Но не так просто выглядит дело, если подумать о людях, которые уличены в преступлении и ждут приговора. Когда цивилизованный суд подводит их под гуманитарно-правовой эталон личности, в каждый данный момент отчитывающейся перед своим разумом и своей совестью, они сплошь и рядом восстают против несправедливости такого подхода. Некоторые подсудимые ужасаются моральной завышенности прилагаемого к ним мерила - и, надо сказать, делают это не без основания. Они сознают и помнят, что в час свершения противоправного деяния находились как бы вне себя, как бы в нравственном обмороке.
Родион Раскольников был вооружен литературно выточенной, умышленной Идеей и действовал по детально обдуманному плану. Однако даже он признавался, что в день злодеяния чувствовал и вел себя так, "словно попал рукавом в зубья машины, и она его зацепила и поволокла". А что сказать о тех, кто доведен до насилия мучительными комплексами, неутоленными вожделениями, истязаниями бедности или надругательствами! Совершая преступление, они, как правило, пребывают в состоянии краткосрочной невменяемости - в точке остервенения и одичания. Разум словно бы вырублен, а совесть усыплена.
* * *
Знаменательно, что конец XVIII - начало XIX века, эпоха первоучреждения прав человека, оказалась и временем самой суровой и взыскательной криминологии. Ее ключевым и знаковым понятием стал злоумышленник. Он представлял собой контрастно-негативный аналог тех высоких представлений о личности, которые выработала философия, обосновывавшая концепцию гуманитарного права: "хозяин себе самому" (Локк), независимый и ригористический служитель нравственного закона (Кант), субъект разумно-нравственного самоконтроля (Фихте).
Злоумышленником обычно называют того, кто имеет "коварное намерение делать зло" (Вл. Даль). В криминологии - это себялюбивый, циничный, до мозга костей вменяемый преступник, который по осуждении упорствует в нераскаянности и тяготеет к рецидиву. Совесть он давно переспорил (сделался нигилистом), а разум превратил в прибор для утилитарных калькуляций.
Выгода, руководящая и направляющая, ни на что не оглядывающаяся выгода, - вот негативно-идеальная установка, обеспечивающая преступную целостность его личности и личностную целостность его преступлений.

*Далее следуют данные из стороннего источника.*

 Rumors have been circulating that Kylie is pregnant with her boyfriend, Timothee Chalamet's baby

Можно сказать, что криминология конца XVIII - начала XIX века уловила в понятии злоумышленника волевого лидера преступного мира - тогдашнего, как и сегодняшнего. Вместе с тем она серьезно заблуждалась, принимая злоумышленника за господствующий криминальный тип и подгоняя под этот тип как общее понятие преступления, так и стандарты карательно-исправительной дисциплины. Действительно типовым, среднестатистическим правонарушителем был и остается преступник, действующий по импульсу соблазнов или страстей, обиды или нужды. Он не является нигилистом и не умеет точно рассчитывать свои интересы; скорее, он просто плохо слышит голоса разума и совести, а иногда доходит в этом отношении до полной глухоты. Как показывает опыт, именно этот, типовой, правонарушитель чаще всего впадает в одичание и переживает состояние краткосрочной невменяемости. Порой оно приобретает остроту и повторяемость психического расстройства.

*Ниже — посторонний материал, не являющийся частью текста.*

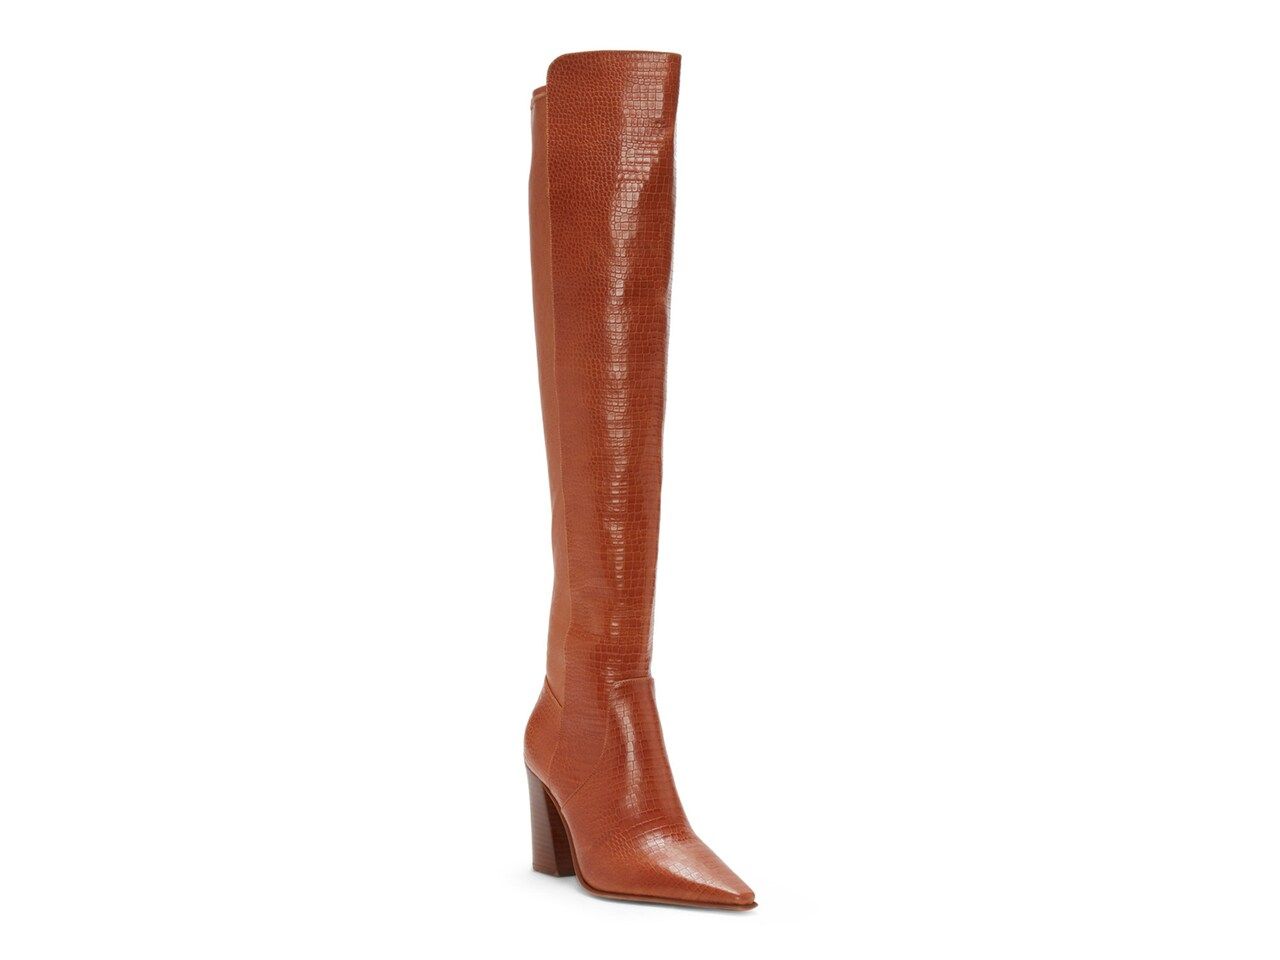 Vince Camuto Demerri Over The Knee Boot | DSW

Типовой правонарушитель способен на чудовищные злодеяния. И все-таки, когда правосудие пытается подогнать его поведение под негативно-идеальный стандарт злоумышленника, наблюдатели-интеллектуалы, наделенные развитым правосознанием и далекие от какой-либо сострадательной снисходительности, чувствуют себя так, словно у них на глазах человека растягивают на прокрустовом ложе.
* * *
В мае 1955 года Франция была потрясена делом Жерара Дюприе: двадцатилетний крестьянин в затмении обиды убил отца и мать, которые препятствовали его женитьбе, а затем, не делая никаких попыток скрыться, сдался полиции. Среди многочисленных откликов на это дело самым впечатляющим оказался очерк философа Ролана Барта "Процесс Дюприе". (В известном смысле его можно считать философско-публицистическим аналогом гениального чеховского рассказа "Злоумышленник".) На трех страницах журнального текста Барт сумел продемонстрировать скандальное бессилие правосудия перед фактом кратковременной невменяемости.

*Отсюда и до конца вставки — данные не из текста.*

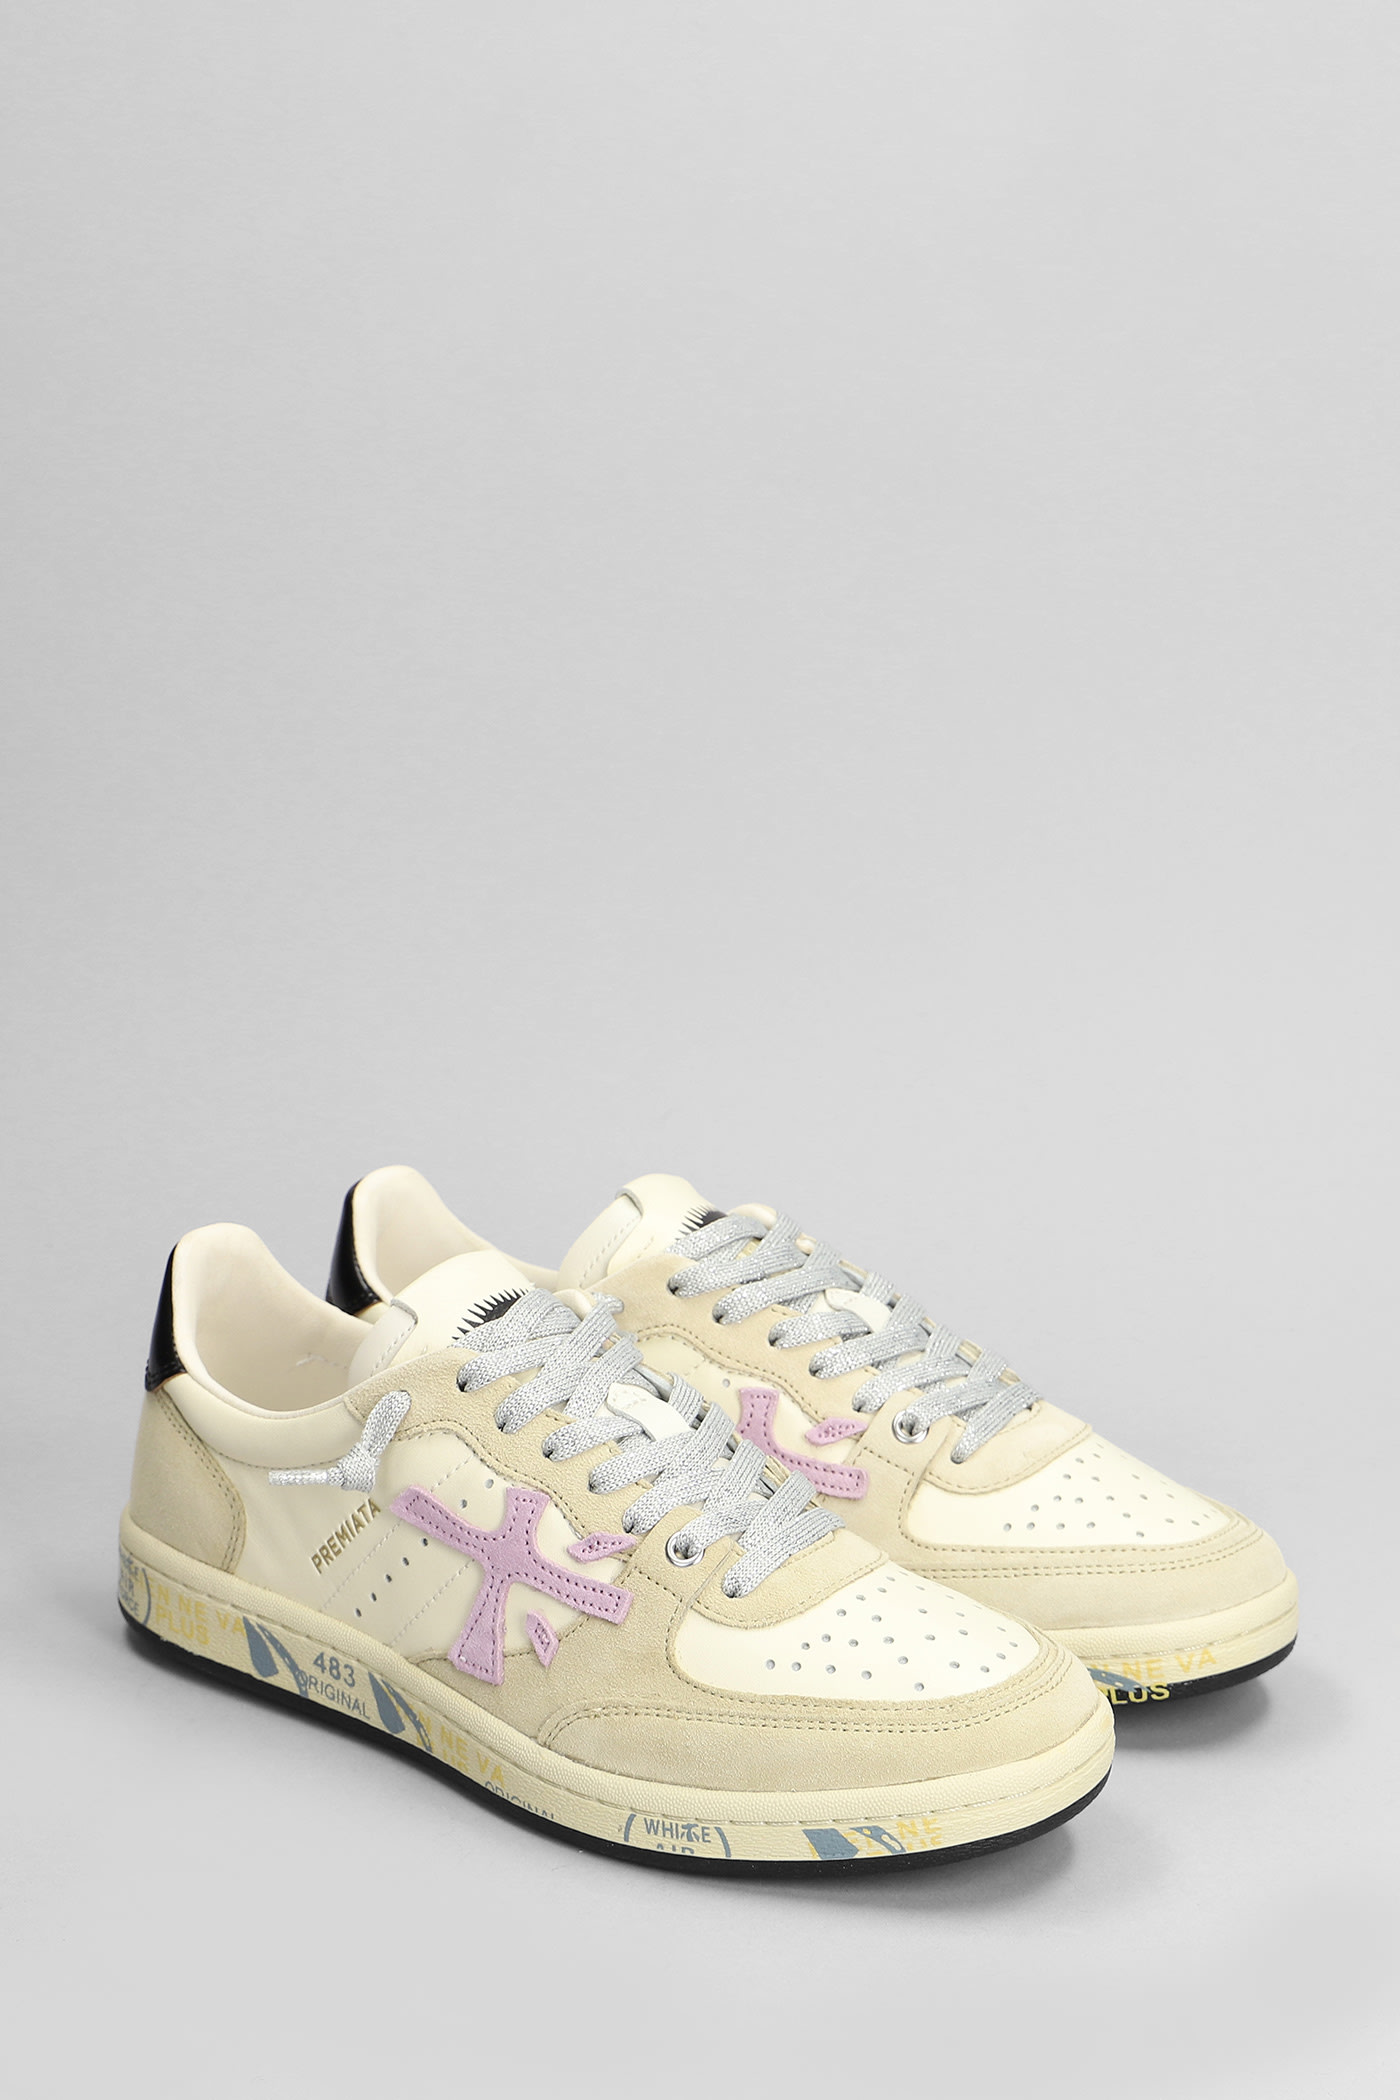 Shop Premiata Bskt Clay Sneakers In Beige Suede And Leather

Преступление Дюприе не подвергалось квалифицированному анализу психологов: юстиция самонадеянно положилась на свою собственную (на деле - всего лишь общежитейскую) психологическую компетентность. В невнятной картине душевной динамики убийства достоверно проступил лишь один феномен - ярость, припадок ярости.
Как же толковали его обвинение, защита и судьи?
Все три инстанции придерживались "мифологии злого умысла", нарабатывавшейся на протяжении полутора столетий.
Ролан Барт следующим образом определяет ее косный смысл: "Преступление, чтобы иметь место, должно иметь причину или цель (целевую причину, causa finalis, если воспользоваться понятиями Аристотеля. - Э. С.); оно должно быть кому-то выгодно, иначе оно утрачивает свою сущность и становится нераспознаваемым"1.
Уподобляясь коллекционеру-энтомологу и пытаясь насадить Дюприе на подобающую булавку причинно-целевого объяснения, обвинение пускается во все тяжкие. Факт "некоторого душевного расстройства" (!) оно не отрицает, но пытается убедить суд и публику, будто любое состояние души, в том числе и ослепляющая ярость, "все равно остается рациональным состоянием, поскольку прямо служит некоторой цели". Все выглядит так, как будто Дюприе каким-то изуверским способом привел себя в ярость, дабы устранить родителей, стоявших на пути к вожделенной женитьбе. При этом самым наглым образом игнорируется то обстоятельство, что "именно с рациональной точки зрения <...> преступник не мог надеяться получить никакой выгоды от собственного поступка (убийство расстроило женитьбу еще более непоправимо, чем сопротивление родителей <...>)".
Зафиксировав это кричащее противоречие, Барт заключает: "Обвинению достаточно и ущербной причинности - главное, чтобы ярость Дюприе была мотивирована если и не в своих последствиях, то хотя бы в своем источнике <...>. Иными словами, чтобы назвать душевное расстройство преступлением, достаточно, чтобы у него был разумный источник"2.
Именно этим способом Дюприе оставляется под стандартом злоумышленника и осуждается в соответствии с этим стандартом, хотя рациональность, способная полагать цели, но слепая в отношении средств и последствий, - это совсем не тот разум, который предполагает стратегия злого умысла. Краткосрочная невменяемость Дюприе трактуется как хотя и ущербная, но вменяемость, и обвинитель со спокойной совестью требует для него смертной казни.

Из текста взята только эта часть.